We have also examined originals or copies, certified or otherwise identified to our satisfaction, of such records of the Company and such agreements, certificates and receipts of public officials, certificates of officers or other representatives of the Company and others, and such other documents, certificates and records as we have deemed necessary or appropriate as a basis for the opinion set forth below.

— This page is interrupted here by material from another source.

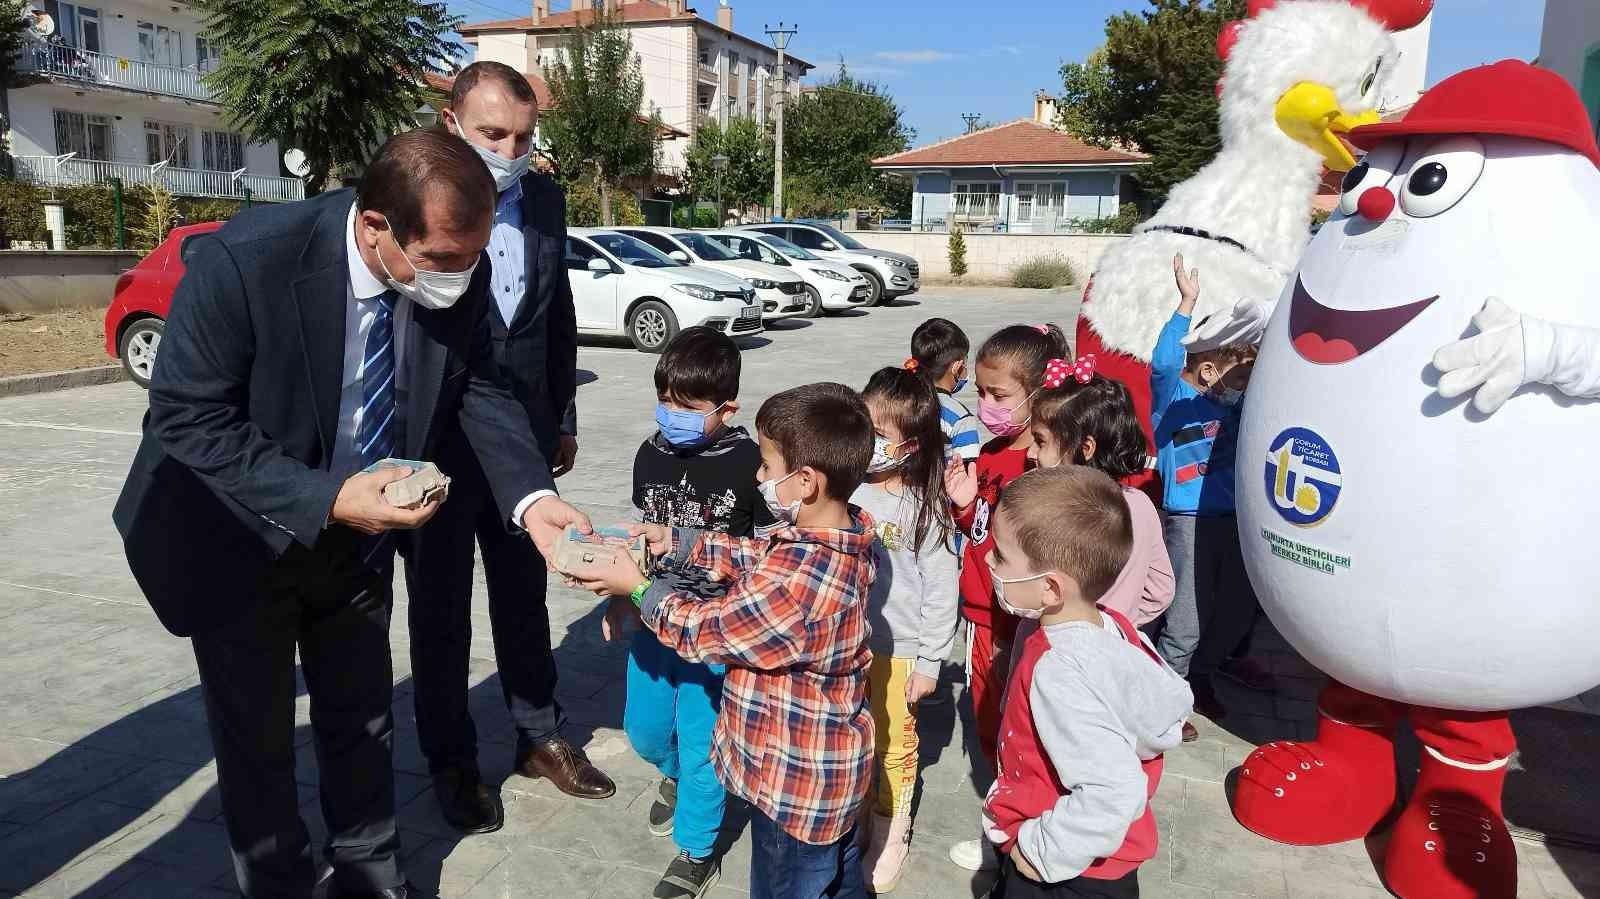 Dünya yumurta günü'nde çocuklara yumurta dağıtıldı #corum

In our examination, we have assumed the legal capacity of all natural persons, the genuineness of all signatures, including endorsements, the authenticity of all documents submitted to us as originals, the conformity to original documents of all documents submitted to us as facsimile, electronic, certified, conformed or photostatic copies, and the authenticity of the originals of such copies. In making our examination of executed documents or documents to be executed, we have assumed that the parties thereto, other than the Company, had or will have the power, limited liability company or other, to enter into and perform all obligations thereunder and have also assumed the due authorization by all requisite action, limited liability company or other, and the execution and delivery by such parties of such documents and the validity and binding effect thereof on such parties. We also have assumed that the Amended and Restated LLC Agreement is the only limited liability company agreement as defined under the Delaware Limited Liability Company Act of the Company. As to any facts material to the opinion expressed herein that we did not independently establish or verify, we have relied upon statements and representations of officers and other representatives of the Company and others and of public officials.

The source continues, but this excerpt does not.